One of my most prevalent mommy moments was when I came to the realization that I would have to use a hybrid “cry out” method with my oldest child.

It was the week before my daughter was due and I had a 17-month-old boy who refused to nap or even go to sleep at night by himself. He would conveniently fall asleep on my chest around 4 p.m. during Oprah and also around 10 a.m. when I needed a morning snooze to recharge from my previous night of sleeplessness.

But with the realization that a fussy newborn was about to enter the home, I quickly flashed forward to nights of not one but two babies simultaneously screaming, waking the other and me running from one room to another in an attempt to soothe them both. The mere thought was exhausting…

Having read the Happiest Baby on the Block, the No Cry Sleep Solution, the Baby Whisperer and even paid for an over-the-phone sleep specialist to give me advice (her riveting conclusion being – yes, he has sleep issues), I felt I had to go to the most foolproof of them all. I read about the Ferver Method and although I felt more like Cinderella’s stepmother at the thought of putting my chubby-cheeked, blue-eyed prince through such torture, animalistic inclinations toward survival were forcing the removal of my first-time-mom pair of rose-colored glasses.

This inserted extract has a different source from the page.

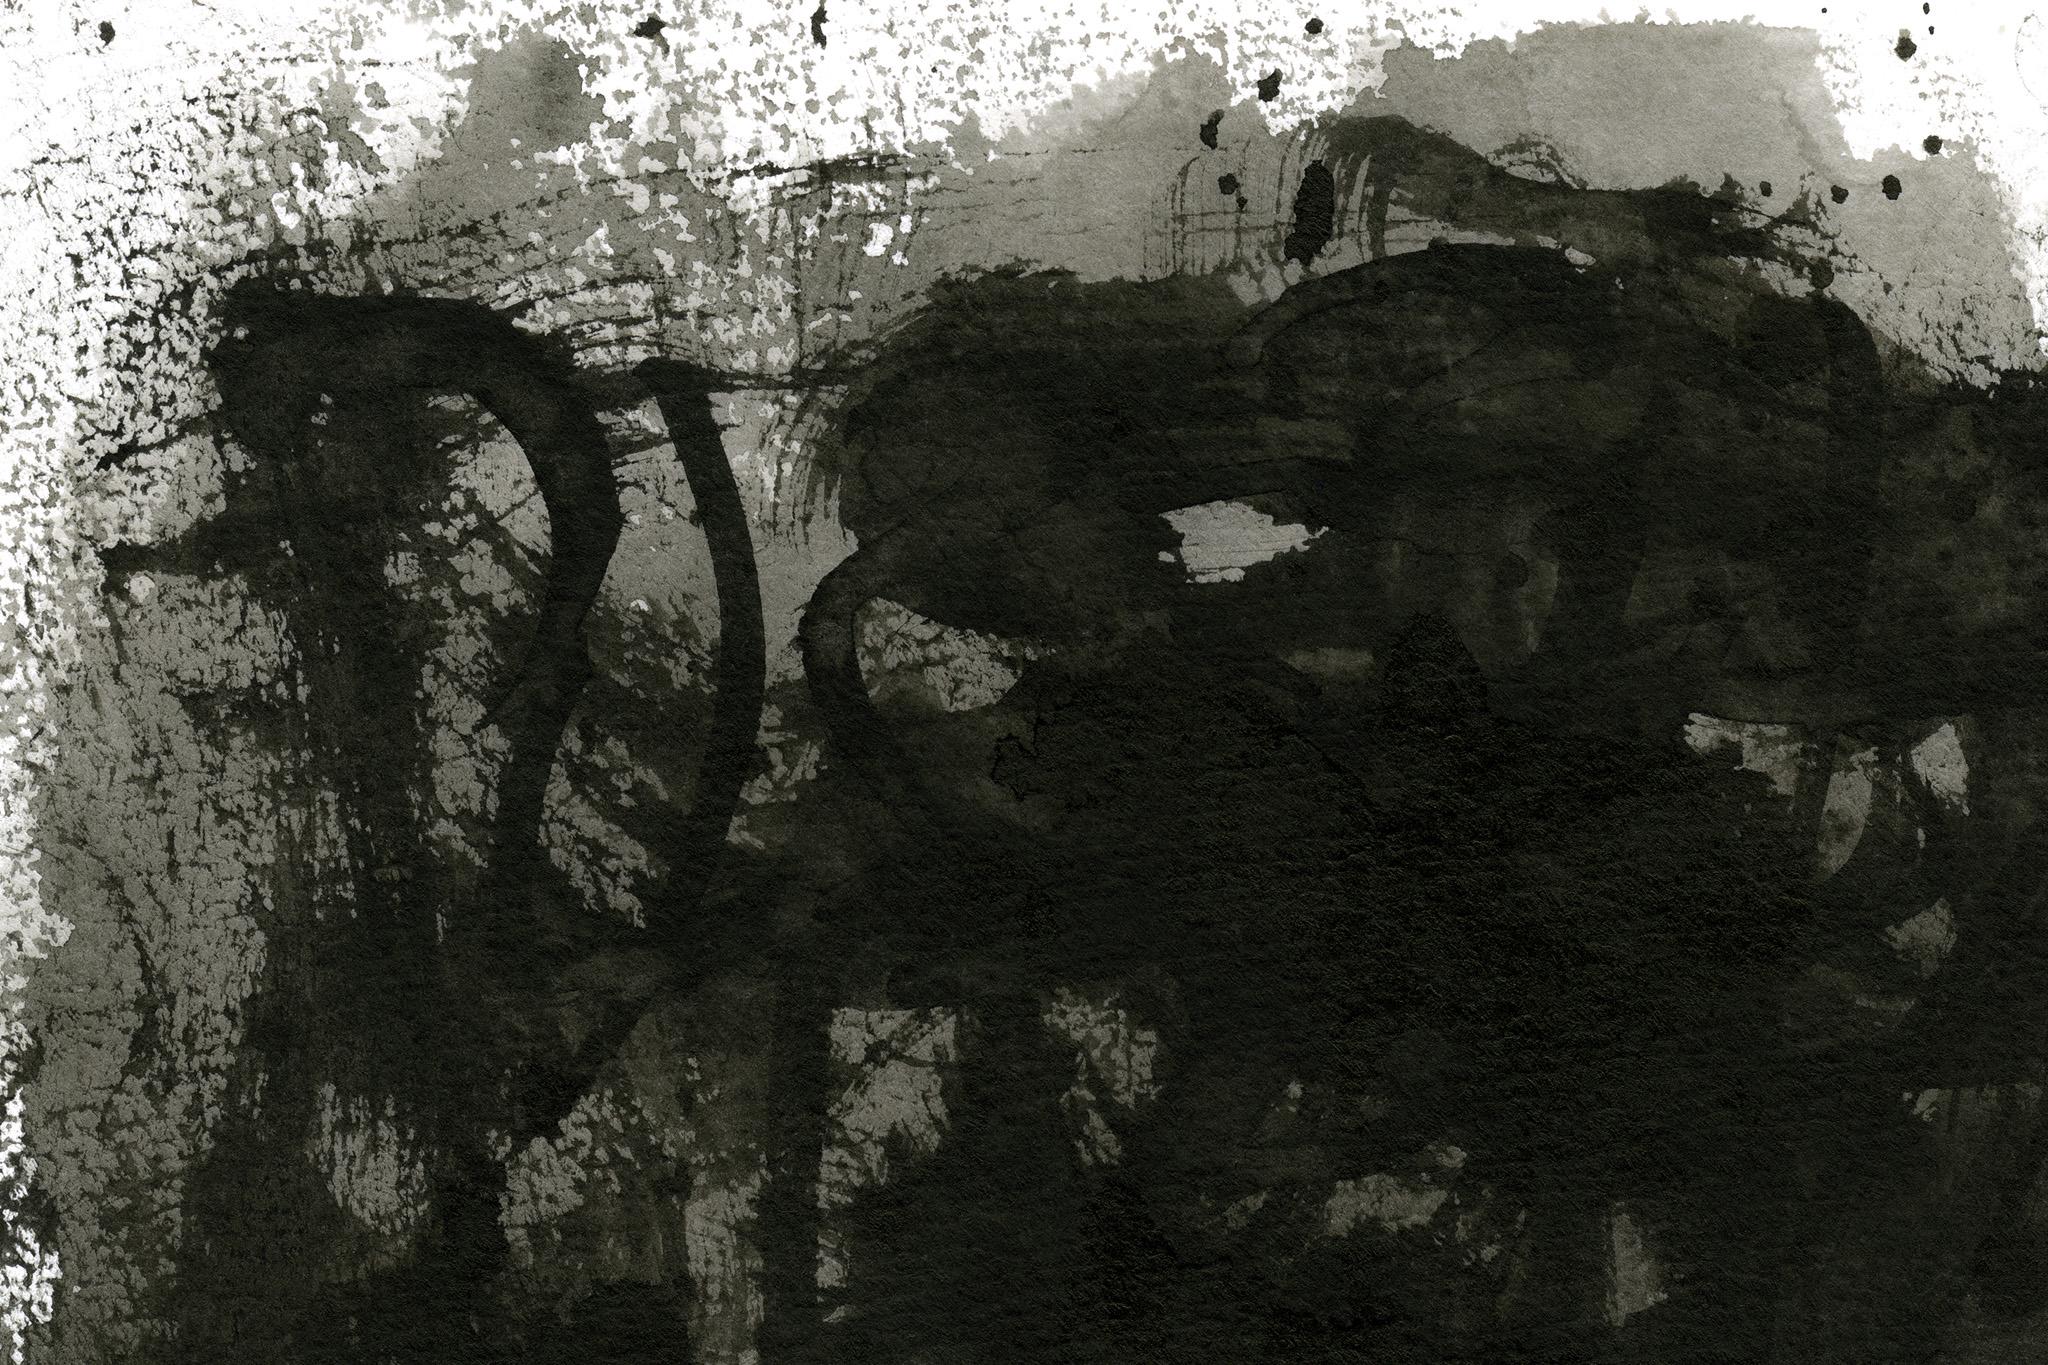 「濃淡のある掠れた墨のテクスチャ」

So I read fast, during the commercial breaks of an Oprah episode actually, with my sleeping baby boy at the peak of my mountainous belly. I felt my heart rate sputter while I read of endless hours of agonizing screams, tears and cries that would inevitably fatigue my little baby so much that he would fall into an exhausted stupor. I realized then that I would combine my knowledge of “soothing” my baby to sleep with the harsh freedom of allowing him to cry it out, thus creating an environment where I would reassure him and then leave. (At the time, I believe to most moms, I was categorized as a huge wimp for not going full bore.)

But it had to be done. He needed to learn to sleep on his own. And I needed to be able to live with myself for it. It was better for his brain development, his coping skills and his overall self-esteem as he was already nearing 18 months.

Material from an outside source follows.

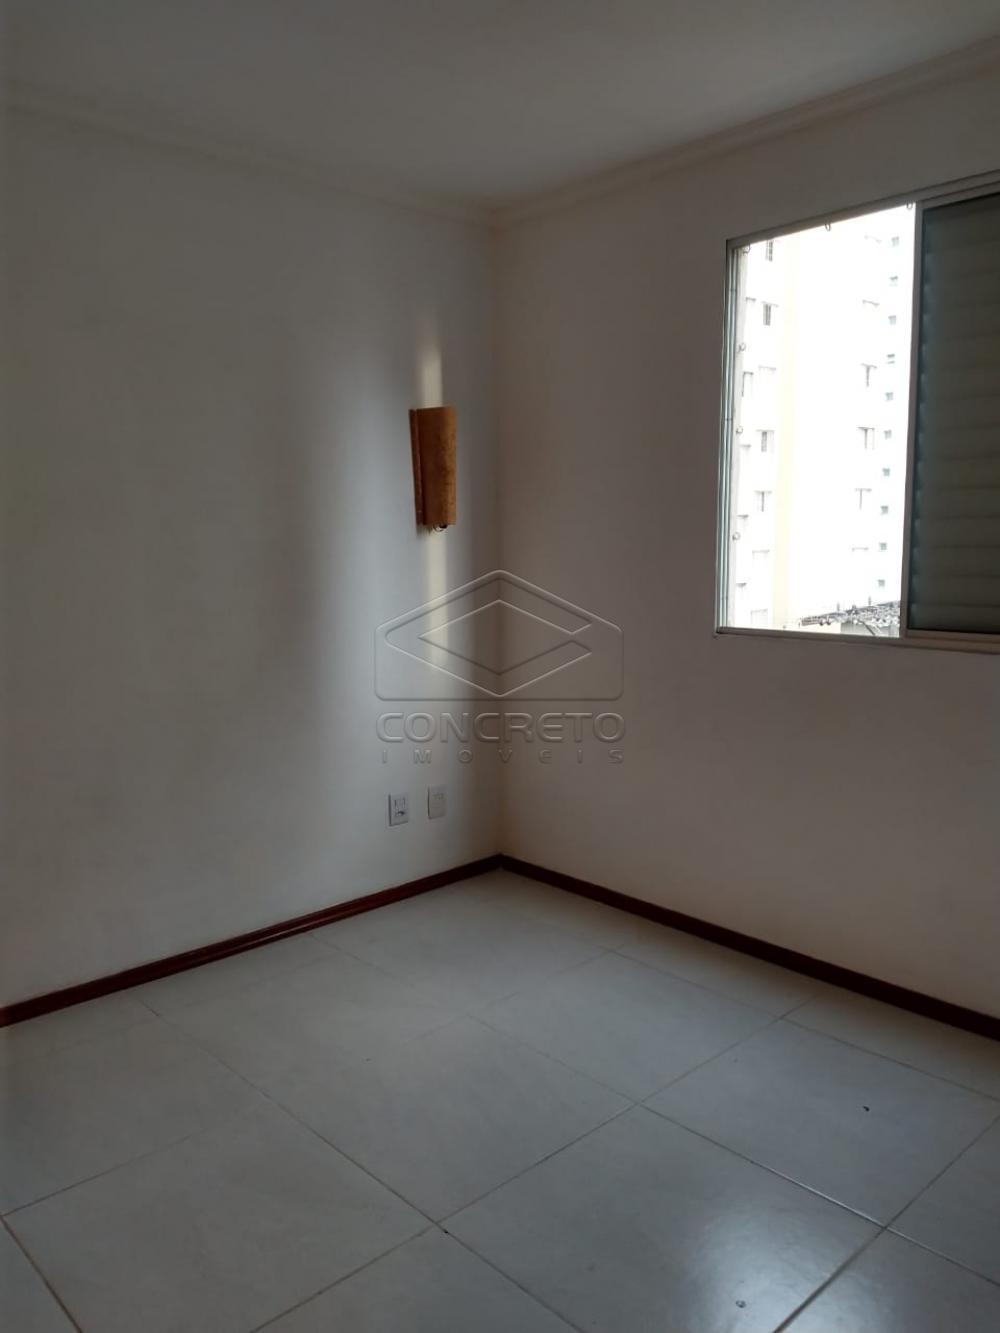 Comprar Apartamento / Padrão em Bauru R$ 190.000,00 - Foto 8

So I set out to try it first during a nap. I tuckered him out at the park, fed him a filling lunch, gave him his blankie, and his binky and was out the door. Within five minutes I was on the side of the house, peering into a broken slat of his wooden blinds. The sight was heartbreaking. I caught a glimpse -- full tears until he almost puked, red face, standing up, binky and blankie on the floor of his room, not anywhere near arm’s reach. I went in, gave him the binky, covered him up, reminded him of sleep time, gave him a kiss and left. And I did this repeatedly, each time adding 10-20 minutes onto the time I waddled in and out.

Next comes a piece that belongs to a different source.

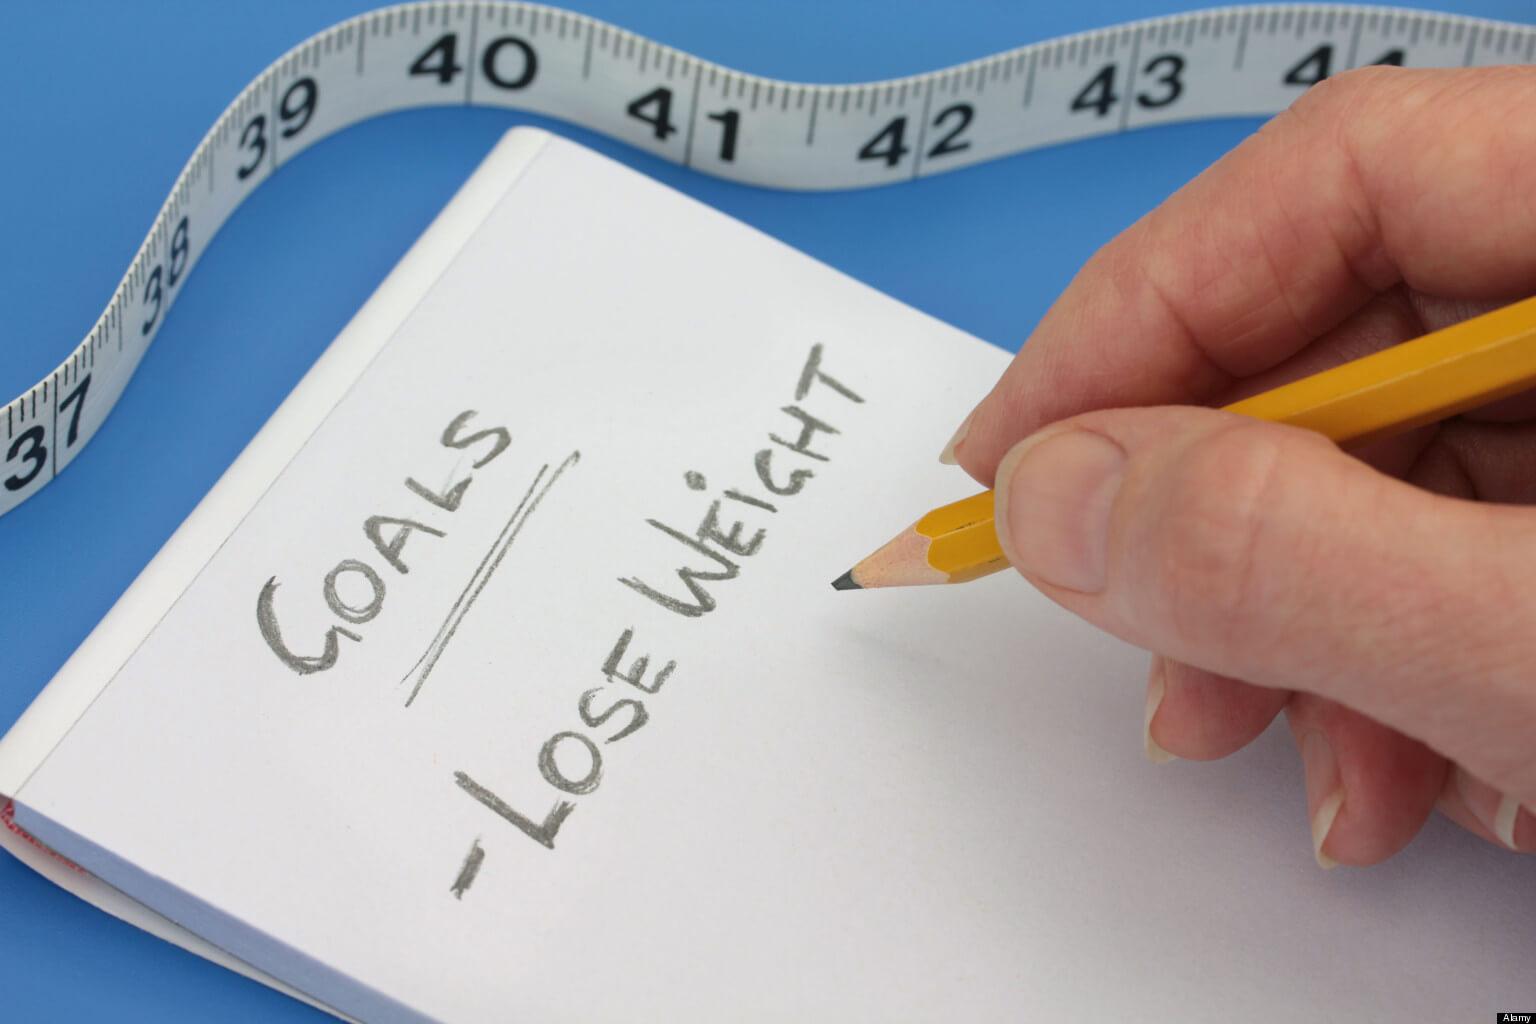 Weight loss goal setting smart weight loss goals truweight lose weight goals ccuart Gallery

But I was relentless in my desire to succeed. I had tried almost everything else and nothing had been successful.

I put on headphones and pulled out the ice cream. And waited. One hour. Still screams. Two hours. More screams. Three hours. I almost called the neighbors to make sure they knew we were both alive. Finally. Asleep.

This episode continued over and over for about three days, and my soothing was needed less and less as the days and hours progressed. He realized that I meant business and that sleep time was sleep time. No negotiations. It was an empowering experience for the both of us.

I have always been happy that it worked. But I always wondered if it scarred him. Now at nearly 8 years old, my oldest still has trouble falling asleep and I have wondered if it were due to the jarring methods I implemented early on.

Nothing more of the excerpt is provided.